The brick of the Ussuriysk Baby Hospital was off white. The building accents and security metalwork over the windows were sky blue. It was a reversal of pattern from the Partizansk Baby Hospital. Even though the colors were the same this place couldn’t be confused with heaven. The first half-meter of the building above ground was crumbling concrete. Smooth portions and craters alike were painted in barn-red. Weatherworn pock marked concrete roof sections hung over the top of the two-storied walls. The several steps downward required to enter the building also set this place apart from the sister-establishment in Luba’s city. For Luba we ascended, here we descended.
Inside the building and halfway up the staircase to the second level I froze in my steps on the landing. I couldn’t move. I couldn’t breathe.
“Who would have thought there would be a stained glass window in an orphanage?” Amy said in surprise. “Aren’t those butterflies beautiful, John?”

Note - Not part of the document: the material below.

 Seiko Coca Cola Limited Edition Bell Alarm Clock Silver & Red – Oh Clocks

“Yeah,” I choked. That was all I got out. I shook the image from my head. Then I turned and continued up the stairs. Butterflies.

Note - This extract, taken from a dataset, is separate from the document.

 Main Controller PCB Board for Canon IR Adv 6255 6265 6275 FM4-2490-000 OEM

Dr. Tatiana’s office was more than twice as deep as it was wide. I could have dragged my hands on opposing walls while walking back to her desk. Her workspace was crowded and over utilized. While not necessarily neat, it was obvious that their organizer understood the stacks. It was so much like my own desk.

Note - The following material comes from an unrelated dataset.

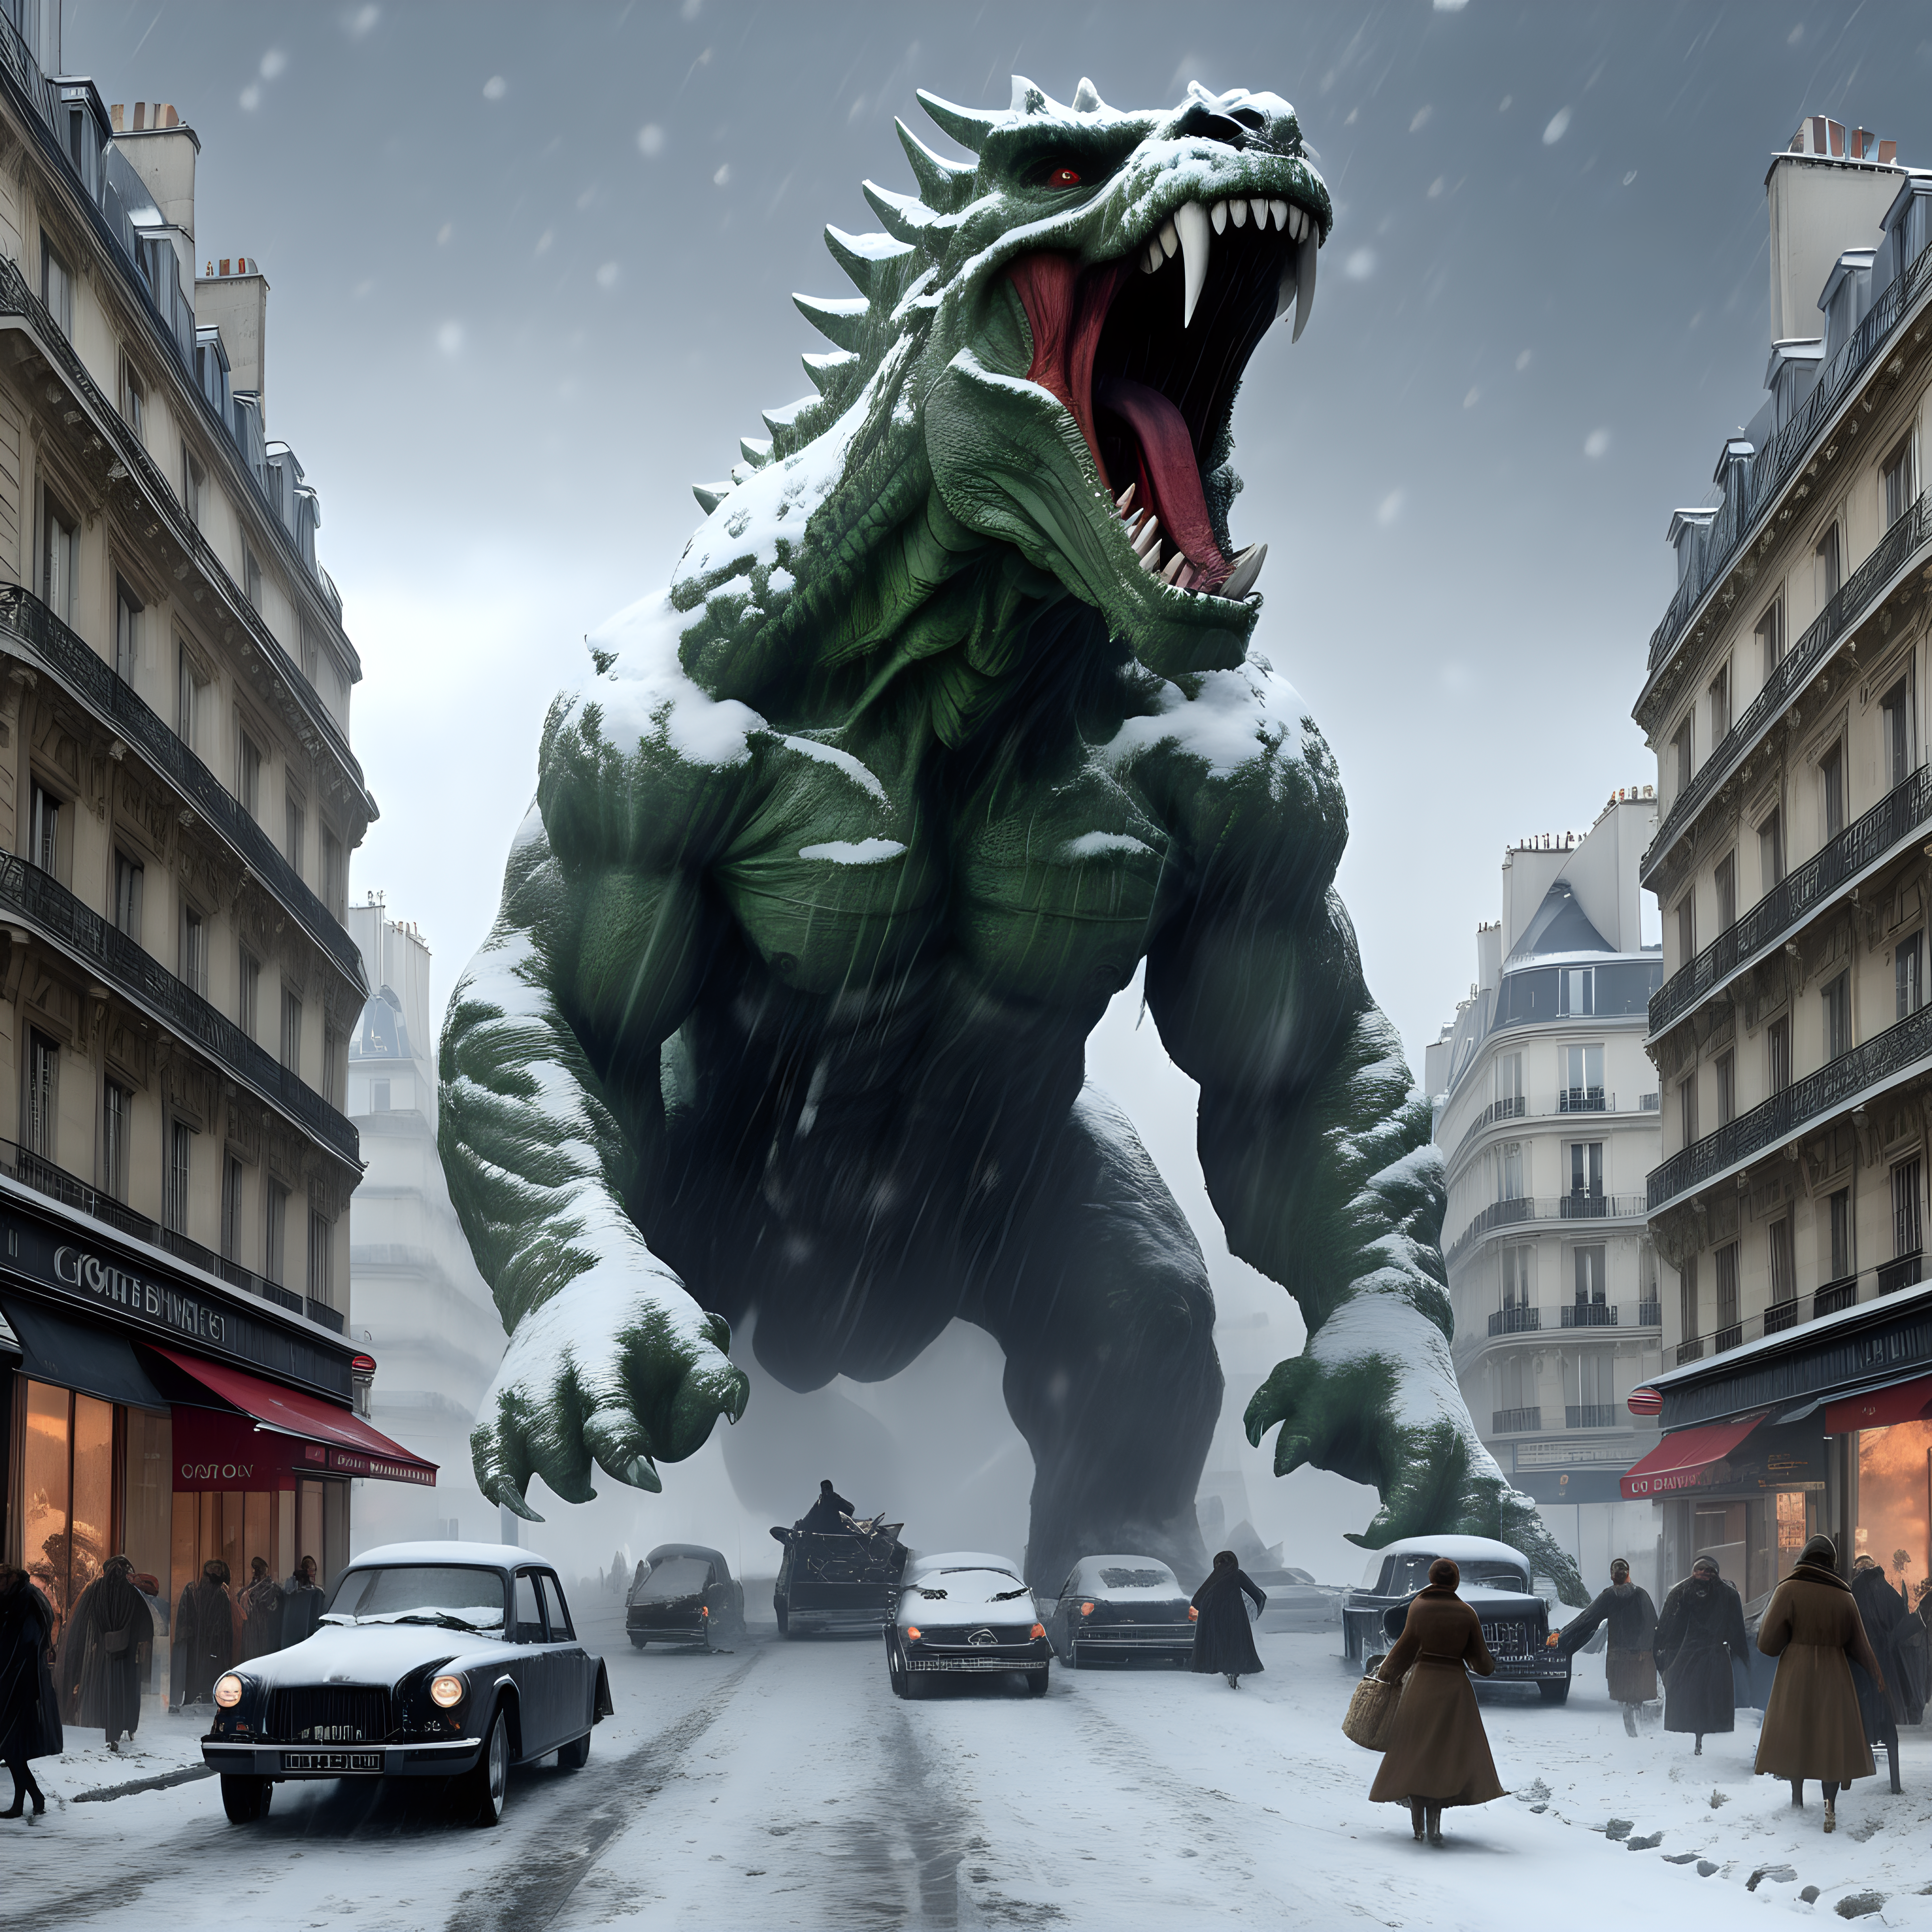 Gorgo destroying Paris in winter snow storm

The doctor—like her counterpart, Olga, in Partizansk—was also director of the orphanage. She was a large woman without being flabby. Her salt and pepper hair was styled in a butch. She wore lipstick and a reasonable amount of makeup. I thought she appeared to be in her forties. I think all Russian women are in their twenties or in their forties—except for the babushkas. They are all in their eighties.
Dr. Tatiana launched herself from the chair at the far end of her office to rush around the desk and offer her hand. Stass introduced us. Dr. Tatiana says that she apologizes for not knowing more about you,” Stass translated. “She says it was kind of last minute when Anya thought you might be interested in Kirrill. She says that she received the fax from Anya so she has your file and she will review it as soon as she possibly can.”
“That’s great,” I responded. “Tell her don’t worry about it. I give us our best recommendation.” It was actually somewhat comforting knowing that at least someone in Russia hadn’t reviewed our file. Dr. Tatiana smiled when Stass told her what I said. Then she pointed at a stack of files on her desk and assured him that she’d accomplish the review later in the day.
“Tatiana asks if you will please make yourselves welcome and sit down while she goes to have someone bring Kirrill.”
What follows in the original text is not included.